Degenerative, calcific aortic stenosis (AS) is characterized by progressive fibro-calcific remodeling of the aortic valve leaflets, leading to restricted mobility and left ventricular outflow obstruction. When symptomatic, severe AS carries an exceedingly poor prognosis if left untreated. Transcatheter Aortic Valve Implantation (TAVI) has revolutionized the management of these patients, extending from high-risk cohorts to intermediate and low-risk populations.

While transfemoral access remains the standard delivery route, a significant subset of elderly patients presents with severe, tortuous, or highly calcified peripheral vascular anatomy that prohibits safe large-bore sheath progression. Achieving optimal outcomes in these complex scenarios requires detailed pre-procedural structural mapping using multimodal imaging.

This manuscript compiles and evaluates the baseline pathology, multi-slice computed tomography architecture, alternative transapical surgical approach, and 10-month post-interventional follow-up data of a 74-year-old male undergoing successful transapical TAVI.

2.1 Clinical Presentation and Coronary Status

The patient, a 74-year-old male, presented with a history of progressive exertional dyspnea (NYHA Class III) and recurrent episodes of syncope.
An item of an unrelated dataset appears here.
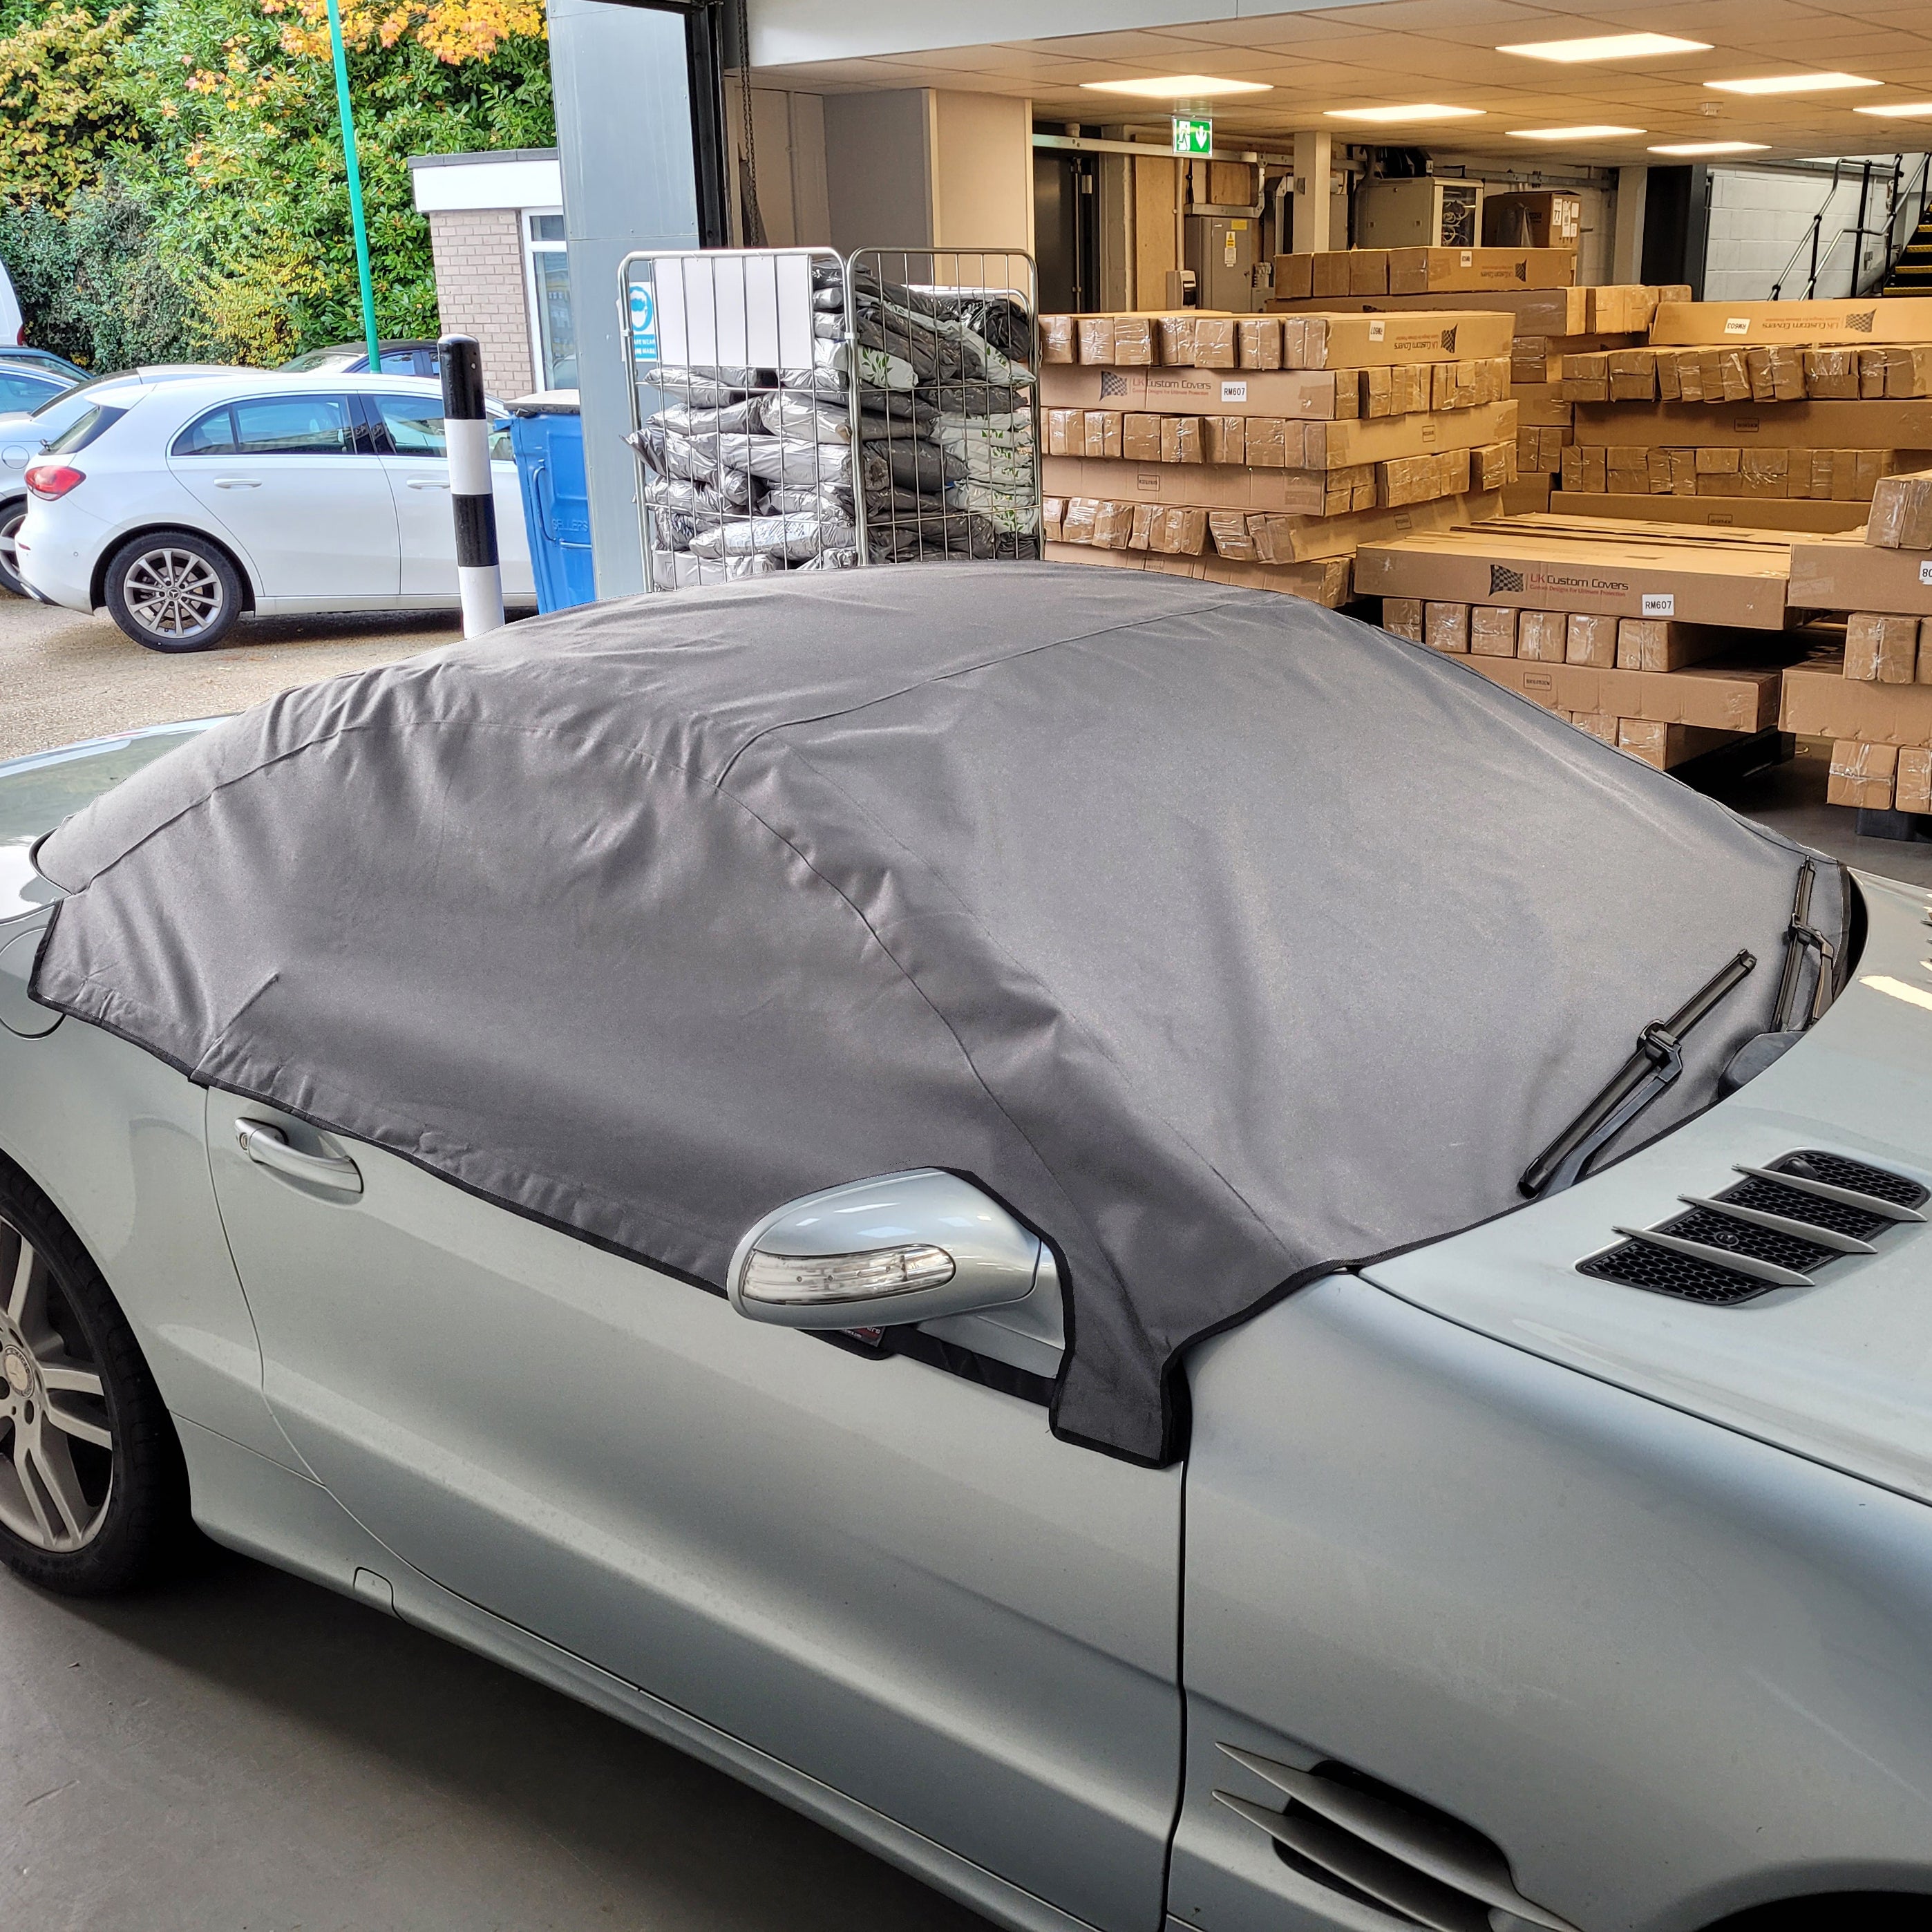 Mercedes SL Class Roof Protector Half Cover | North American

As part of the standard pre-TAVI workup, a coronary angiography (CAG) was performed, which revealed normal coronary arteries, ruling out concomitant obstructive coronary artery disease as a contributor to his symptoms.

2.2 Baseline Echocardiographic Findings

A definitive baseline diagnostic evaluation was established utilizing two-dimensional transthoracic echocardiography (2D ECHO). Key pre-interventional parameters included:

• Aortic Valve Architecture: Highly sclerotic and thickened leaflets resulting in concurrent severe aortic stenosis (AS) and moderate aortic regurgitation (AR).
• Hemodynamic Gradients: Peak pressure gradient of 92 mmHg and mean gradient of 60 mmHg; critically restricted aortic valve area (AVA) of 0.6 cm².
• Ventricular Remodeling: Moderate concentric left ventricular hypertrophy (LVH): interventricular septum thickness 1.4 cm, posterior wall thickness 1.5 cm.
• Chamber Volumetrics: Dilated left atrium and left ventricle; baseline LVEF preserved at 55%.
• Associated Valvular Pathologies: Grade I mitral regurgitation (MR) and mild tricuspid regurgitation (TR) without secondary pulmonary arterial hypertension.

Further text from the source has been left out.